As he got older he decided he didn't like children. He knew he'd get a scolding for for acting out so he would tolerate a couple of pets before he would tuck his tail , grumble a bit and insist that I put him in a place where he could rest unmolested.
When I got divorced I had to leave him behind with my ex for the year I was in my apartment. I cried, but I always planned on it being a short separation. I got lucky in finding my house when I did because my ex decided he was tired of keeping cats and called me to come get them else he was turning them outdoors. My dad and I came to pick him up and when I introduced him to his new "sister" B. C. the meeting went really well.  They settled in together and we had a happy six years in this house.
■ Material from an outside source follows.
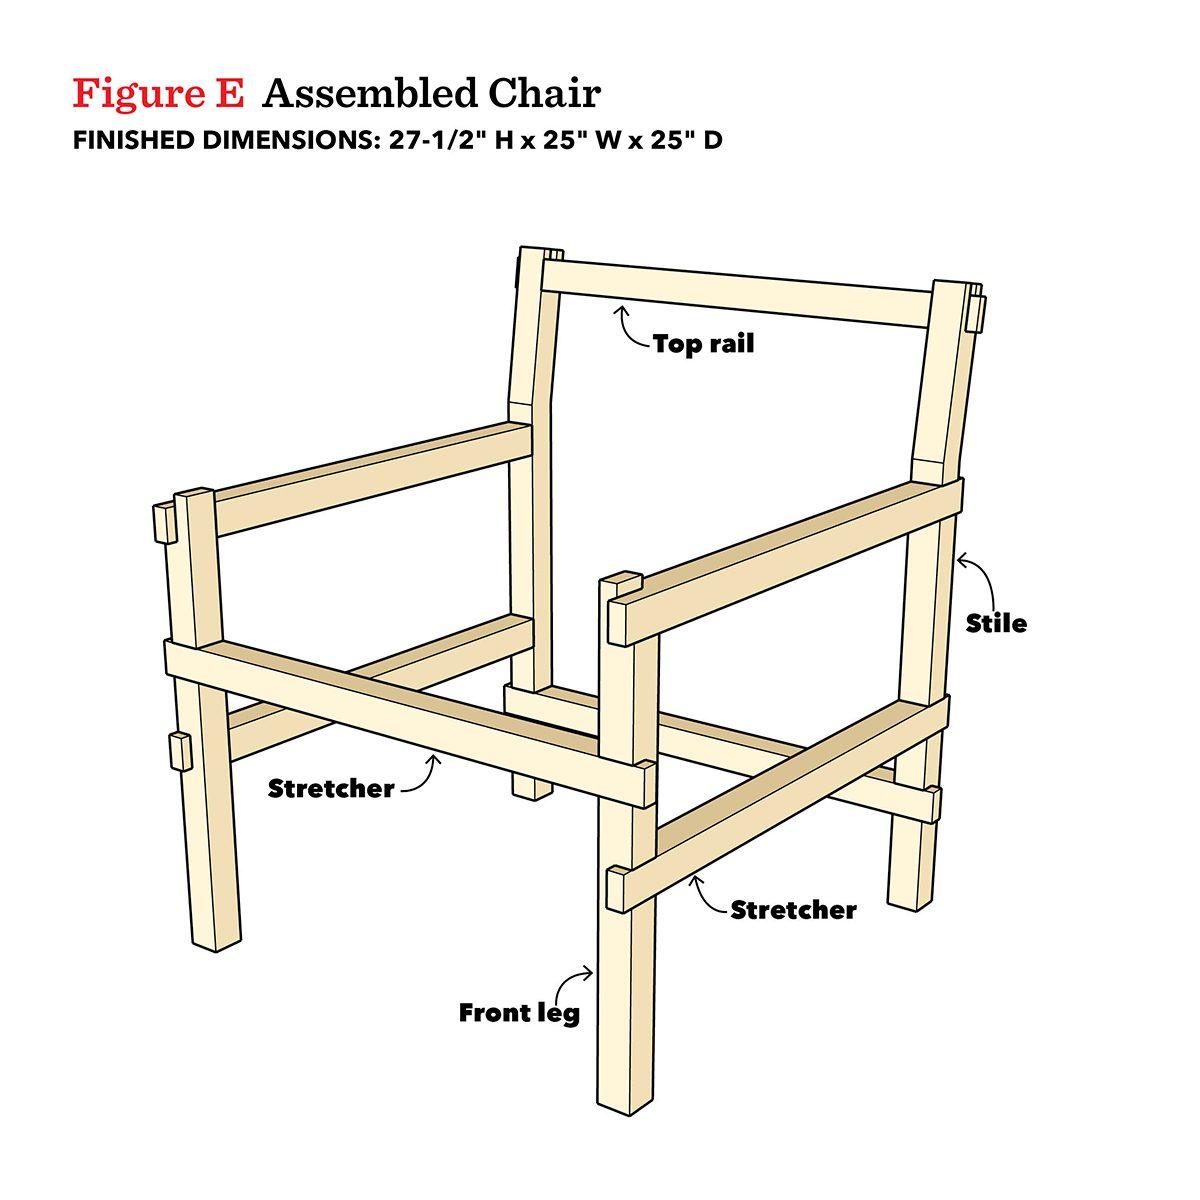 Assembled chair tech art Fh21mar 608 50 Ta01 Assembled

He was my companion, my guardian, he sat with me through the tears at losing my grandfather, working through the aftermath of losing my friend Keith, the joy of making new friends and a new life . He seemed to know when to come sit beside me or on me.
So when I discovered the tumor on his neck, it was a shock. I had always pictured him ending his life peacefully drifting off to sleep not waking up like my other pets. I scheduled him in with the vet to confirm what I feared. I had spent this last week keeping him comfortable and he was happy eating and playing and cuddling with me. Thursday morning he was not acting right and I had decided that I was going to make an appointment with the vet for Saturday, that the month she gave him wasn't going to happen.
When I picked him up to cuddle him he felt light, like he was pulling into himself, his limbs were feeling heavy. I took him outside in the grass and we sat feeling the first rays of the sun. The tumor had taken his voice but by God my little "purr monster" was still trying to purr.
I felt silly, but I told him that when I got home from work I would take him back out into the yard so he could lay in the grass again. In my heart though I was feeling that he was getting ready to go. I wasn't sure he would make it until I got home.
I put him in his favorite cat bed out in the garage close to the litter box and the food. He wasn't wanting to walk very far without effort so I let him pick his spot.
Ralph was a good cat, and we had a great time together. There certainly won't be another like him.